Box 1: CIET social audits: socialising evidence for participatory action (SEPA)
The Community Information and Epidemiological Technologies (CIET) social audit methodology aims to build the community voice into the evaluation process. It uses a 10-step approach to gather relevant local data that can be used for social action and planning. A crucial step in the method is the enrichment of evidence with local stakeholder views and the sharing of results with service-providers and users by means of workshops and training sessions. CIET evidence is 'socialised' through advocacy networks, the mass media and key opinion-makers like political and religious leaders, who are trained to make sense of the evidence for local action. The feedback loop from data gathering to information sharing for policy, planning and local action is fairly rapid and, repeated periodically, fuels an awareness and discussion about public service performance, helping to ensure that planners and donors are held accountable to beneficiaries.

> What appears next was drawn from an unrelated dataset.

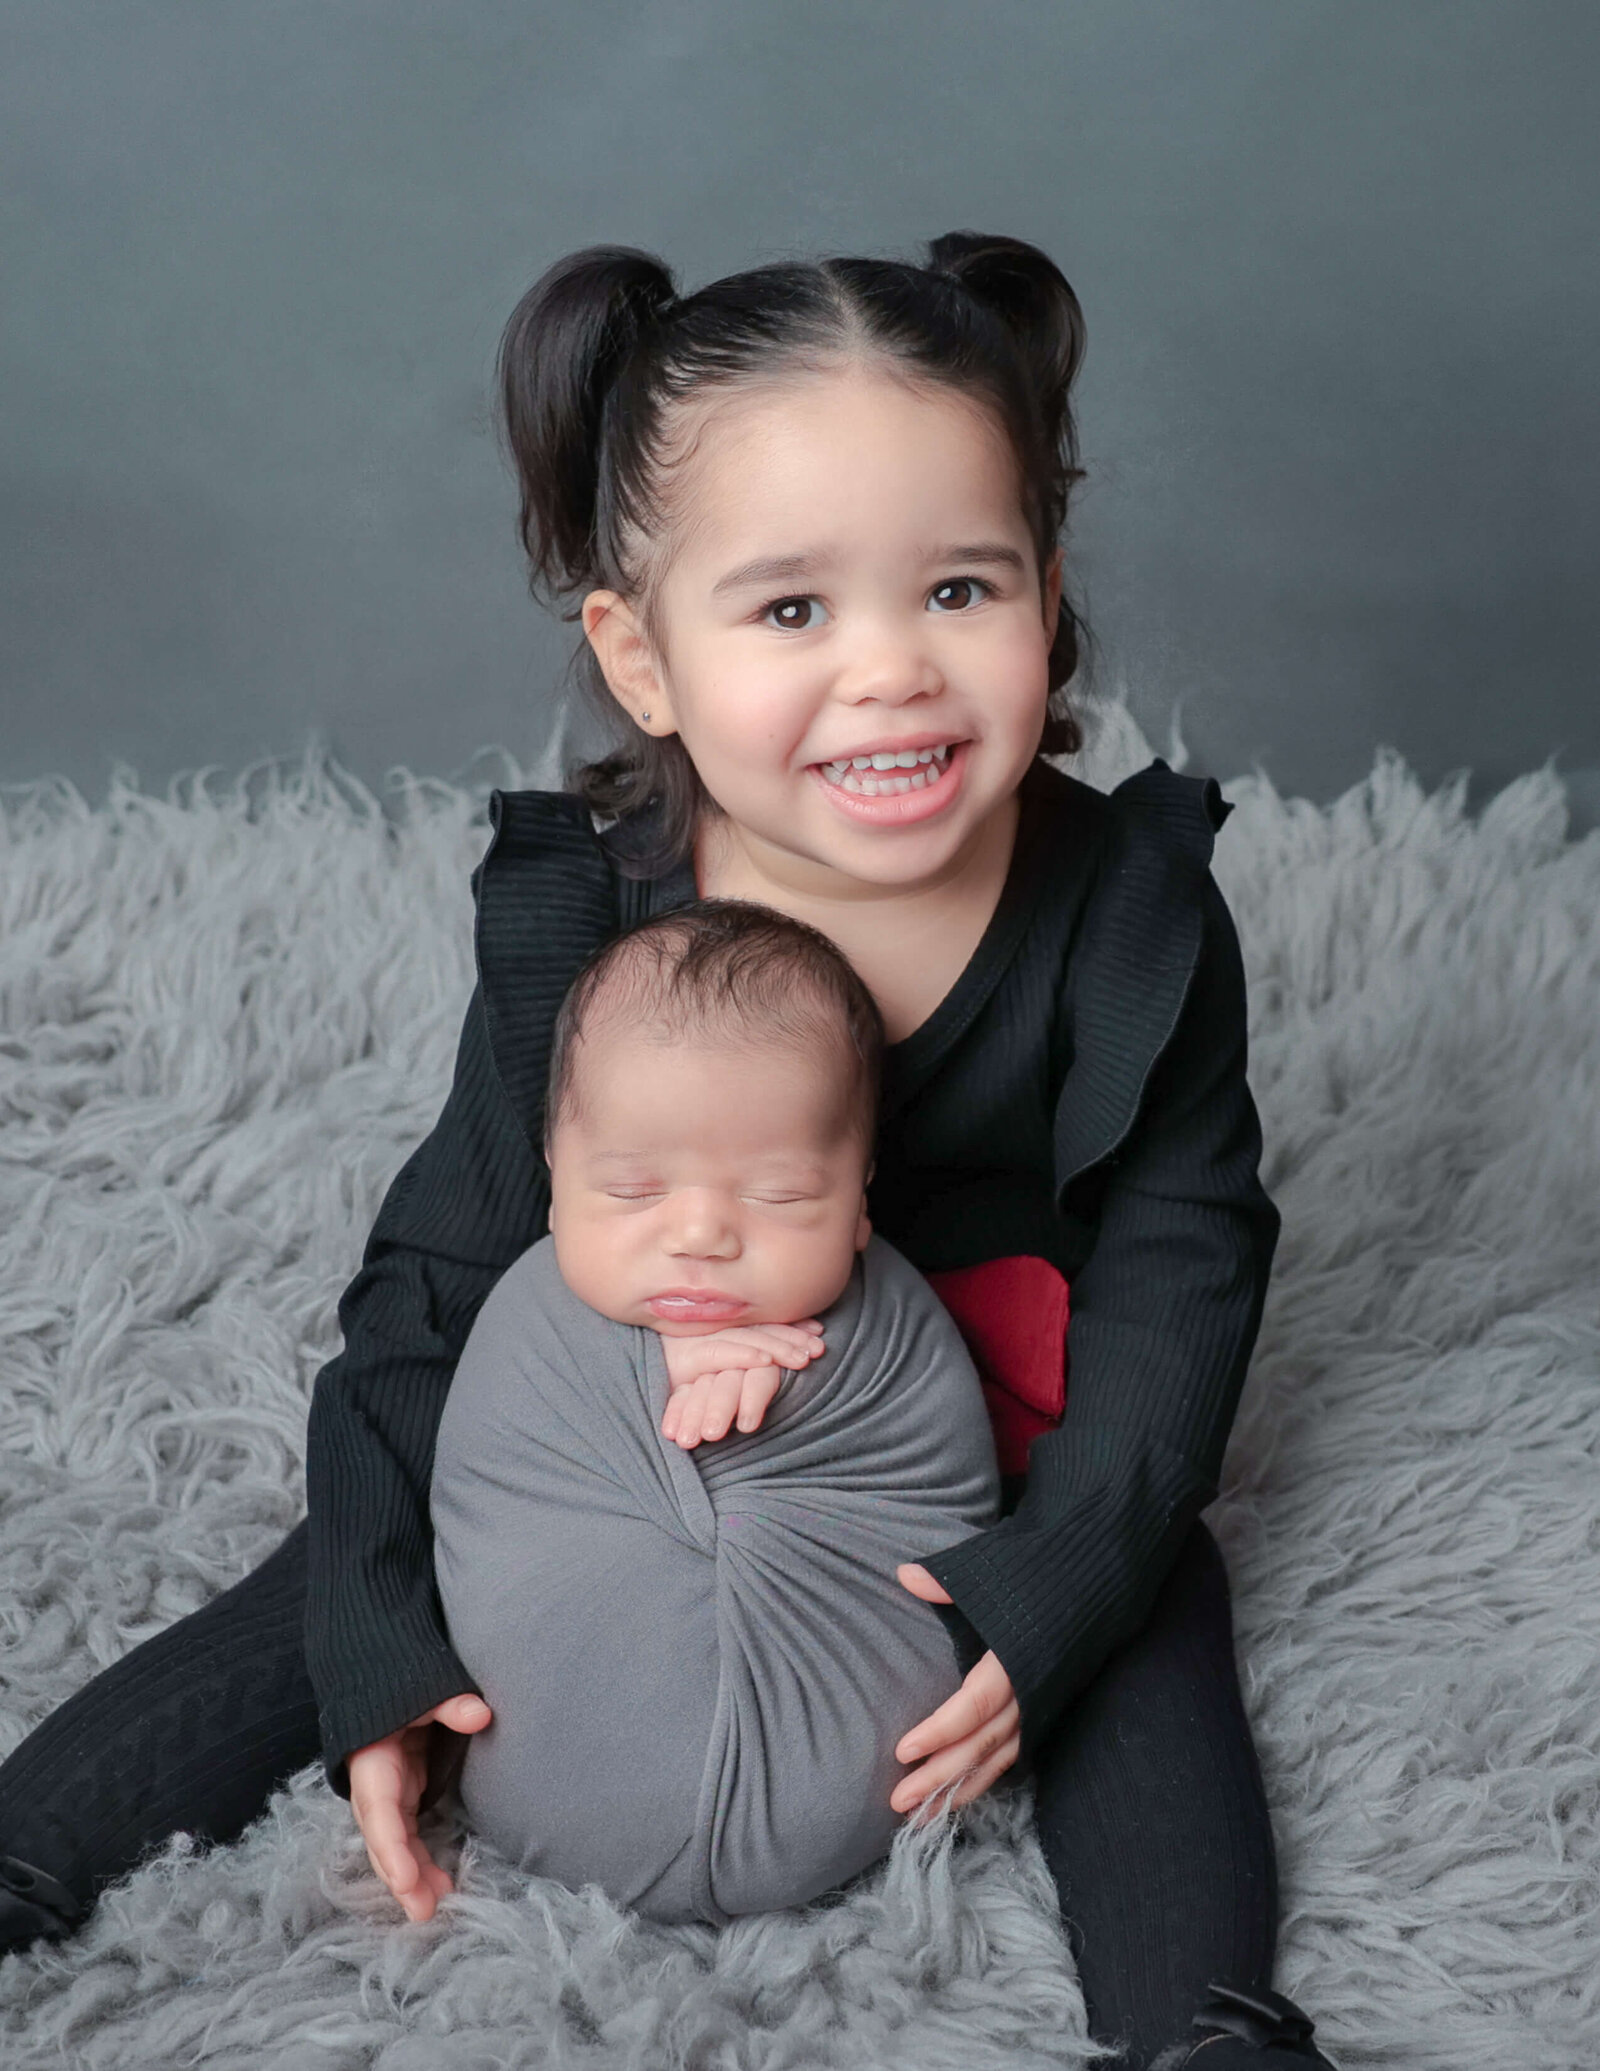 Siblings posed at our studio located in Rochester, NY.

For more information, see: Robert J. Ledogar & Neil Andersson, Social Audits: Fostering Accountability to Local Constituencies, in: Capacity.org, ECDPM, Maastricht: issue no.15., or www.ciet.org |
(c) In society at large
'[Societal learning] requires a fresh attitude to evaluation findings, and encourages a multi-stakeholder debate on evaluation results …' (Maastricht workshop participant)
A third perspective focuses on a type of learning that leads to change in society at large. When the sharing and interpretation of evidence extend beyond those directly involved in the evaluation process, conflicts of interest are common and consensus becomes the exception rather than the rule. The question then is whether and how interested parties can exert pressure for change and whose interpretation of the findings is the dominant one. The co-existence of multiple truths requires a more transparent analysis of findings and the creation of 'sense-making fora' for stakeholders to interpret and validate the evidence. Some commentators stress that such broadening of the interpretation of evidence to a wider audience and different interest groups can help to avoid 'paradigm traps' among scientists and policy-makers that limit their views on development options (Uphoff, Combs, 2001).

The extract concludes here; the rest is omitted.